Division of Medical Oncology, Department of Experimental and Clinical Medicine and Surgery F. Magrassi and A. Lanzara, Second University of Naples, Naples, Italy.
Target Oncol. 2009 Dec;4(4):311-22. doi: 10.1007/s11523-009-0129-6. Epub 2009 Nov 14.
Targeted agents have become an integral part of the treatment of a number of malignant diseases and regimens containing agents that disrupt the epidermal growth factor receptor (EGFR) signaling pathway are now considered a standard therapeutic approach for a range of tumor types. Recently, the mutational status of the KRAS gene in tumors was shown to be predictive of outcome to treatment with EGFR-targeted therapies in metastatic colorectal cancer (mCRC). The immoglobulin (Ig) G1 EGFR-targeting monoclonal antibody (mAb), cetuximab, has been shown to provide significant clinical benefits when added to standard irinotecan- and oxaliplatin-containing chemotherapy regimens, first-line, in patients with KRAS wild-type mCRC. Its effects on tumor response and resectability of metastases make cetuximab a particularly useful treatment option for patients with bulky or initially unresectable disease. With an ever-increasing array of management options available, it is important that patients with mCRC receive the treatment that offers them the best chance of prolonged survival. In view of this, testing for tumor KRAS mutation status should be mandatory at diagnosis of mCRC, prior to treatment decision-making.

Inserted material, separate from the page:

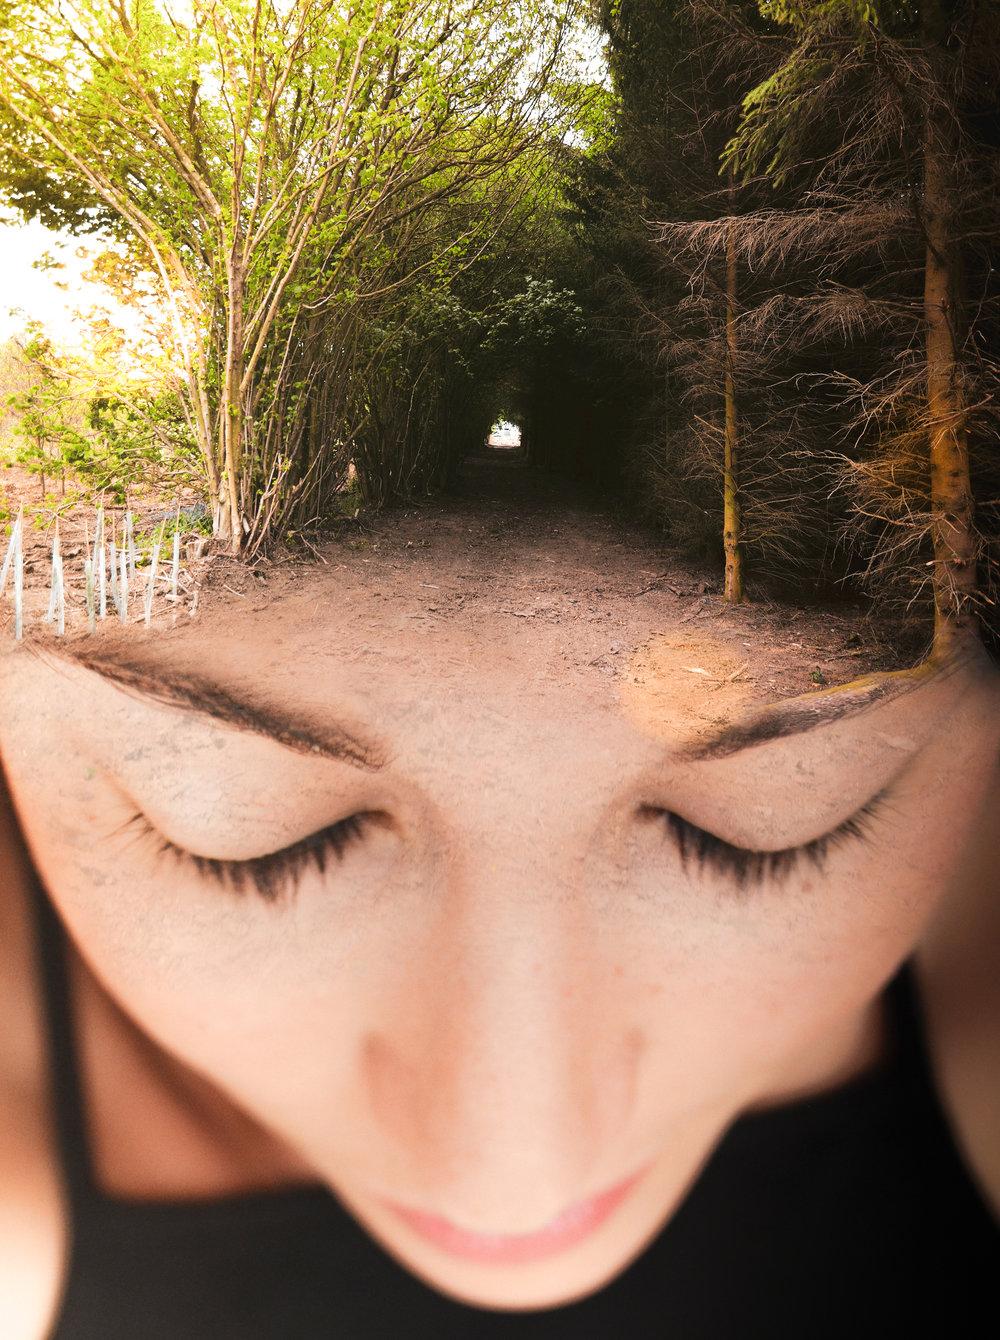 Mindfullness meditation

靶向药物已成为治疗多种恶性疾病的重要组成部分,含有破坏表皮生长因子受体(EGFR)信号通路的药物的方案目前被认为是多种肿瘤类型的标准治疗方法。最近,肿瘤中 KRAS 基因突变状态被证明可预测转移性结直肠癌(mCRC)患者对 EGFR 靶向治疗的反应。IgG1 型 EGFR 靶向单克隆抗体(mAb)西妥昔单抗与标准伊立替康和奥沙利铂化疗方案联合应用时,可显著改善 KRAS 野生型 mCRC 患者的一线治疗效果。西妥昔单抗对肿瘤反应和转移灶可切除性的影响使其成为局部晚期或初始不可切除疾病患者的特别有用的治疗选择。随着管理选择的不断增加,对于 mCRC 患者,获得最有可能延长生存机会的治疗方法非常重要。鉴于此,在治疗决策之前,mCRC 的诊断时应强制检测肿瘤 KRAS 突变状态。